Risale Haber-Haber Merkezi
ENKA okulları, İstanbul Eğitim Gönüllüleri Vakfı, Toplum Gönüllüleri Vakfı, Öğretmen Akademisi Vakfı kurucularından İbrahim Betil, "Eğer mesele başı örtüp örtmemekse, ilkokulda başörtüsünün serbest olmasının bence hiç bir sakıncası yok" dedi.
Taraf gazetesinden Neşe Düzel'in sorularını cevaplayan Betil'in sözleri şöyle:
Siz, bu eğitim yasasının göründüğünden başka amaçlar taşıdığını mı düşünüyorsunuz?
Bazı insanların böyle bir düşüncesi olabilir. Eğer mesele, inanç meselesiyse, özellikle kızların ergenlik yaşına gelirken başlarını kapatıp, onları, dinî kültürün parçası olmaları için yönlendirmekse... O zaman kız çocukları başlarını kapatsınlar ve okula öyle gelsinler.
Kız çocukları ilkokulda başlarını örtebilsinler mi?
Evet, başını örtsün. Başı örtülü olarak ilkokula gelsin. Yeter ki kız çocukları okula gelsinler, okusunlar. Eğer mesele başı örtüp örtmemekse, ilkokulda başörtüsünün serbest olmasının bence hiç bir sakıncası yok. Hiçbir mesele, kız çocuğunun eğitiminden ve öğretiminden daha önemli değildir! Meseleyi dolaylı yollara çekip de, açık öğretim veya 4+4+4 gibi hiç bilimsel olmayan modellere gitmenin anlamı yok. Dedim ya, dünyada böyle bir model yok.

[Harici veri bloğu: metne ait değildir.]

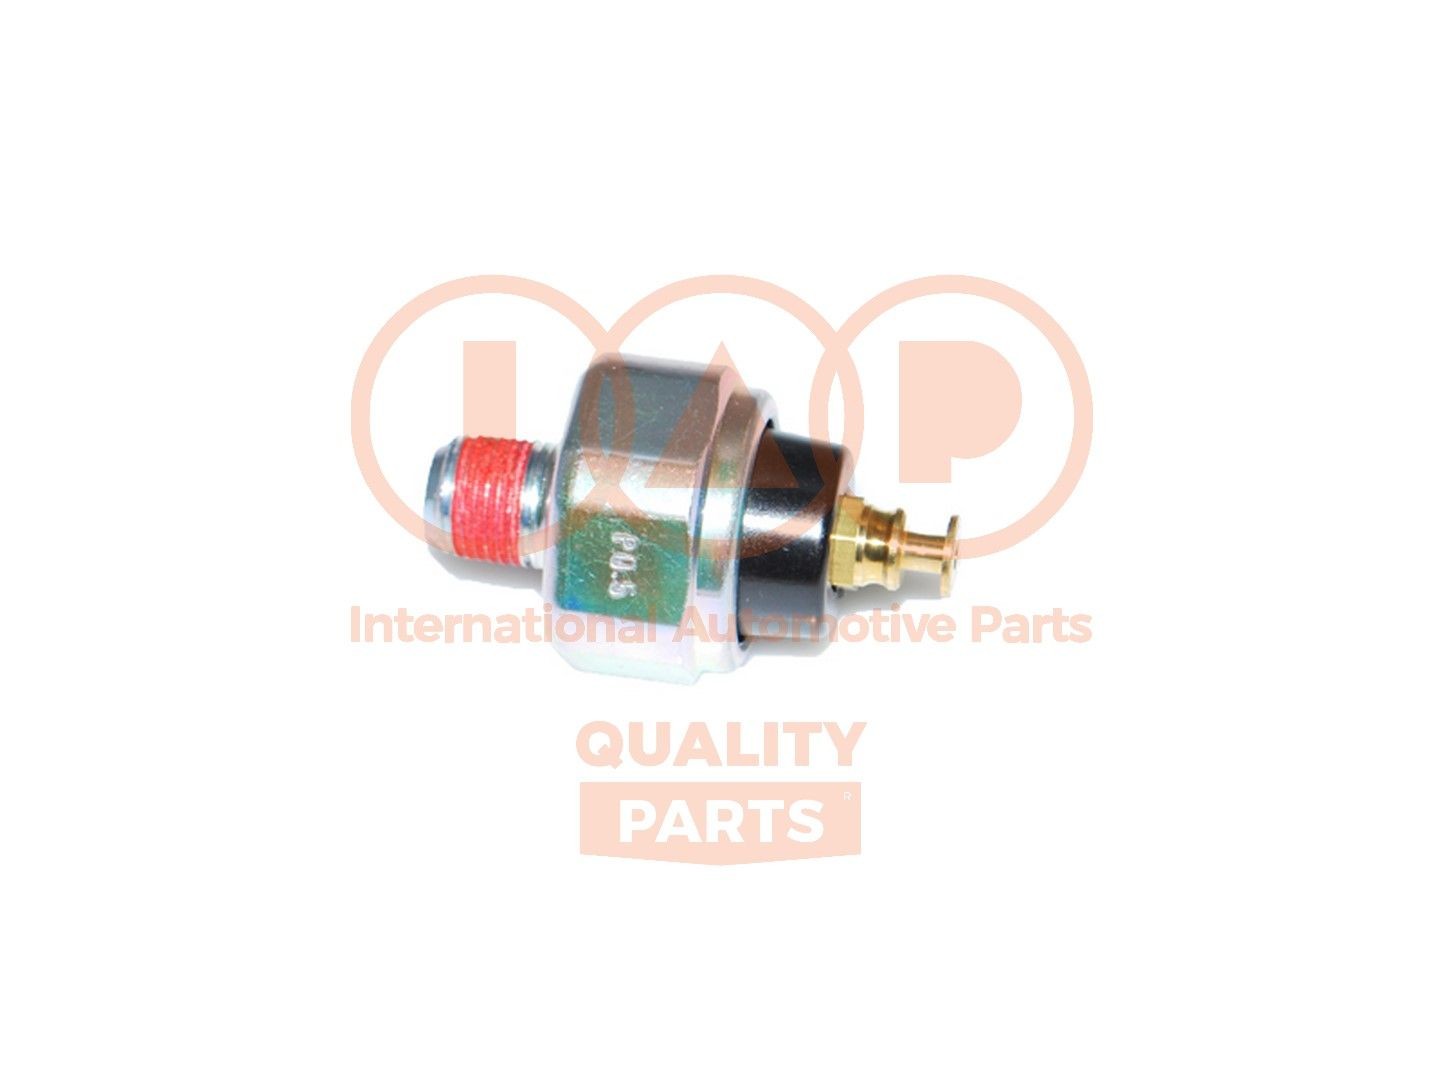 IAP QUALITY PARTS 840-17050 Oil Pressure Switch 83530-30050

Peki, bu tasarı, eski haliyle kız çocuğunu eve mi kapatırdı?
Evet kapatırdı. Biz daha üniversitede başörtüsünü halledemedik. İndir serbestliği ilköğretime kadar, bırak aileyi kızını okula göndersin, ailenin istediği iyi eğitimi çocuk okulda alabilsin. Çünkü dindar aileler de kızlarının iyi eğitim almasını istiyorlar. Dünya istatistiklerine bakın... Türkiye kız çocuklarının okullaşmasında dünyanın en geri ülkelerinin içinde yer alıyor. Dünyanın 17. büyük ekonomisi neden dünyada okullaşmada, eğitimde ve okuma-yazma oranında dünyanın 150. sırasında? Ciddi bir sosyal gerilik var bu ülkede. Eğer “sosyal sermaye” dediğimiz insan gücünü iyi geliştiremezsek...
Ne olur?
Bugünkü ekonomik performansı sürdürmek mümkün olmaz. Sosyal olarak bu kadar başarısız olup ekonomik olarak bu kadar başarılı olmak sürdürülebilir bir durum değildir. Bu başarı biter ve bu dönem, Türkiye’nin çok başarılı olduğu bir ekonomik dönem olarak anılır o kadar.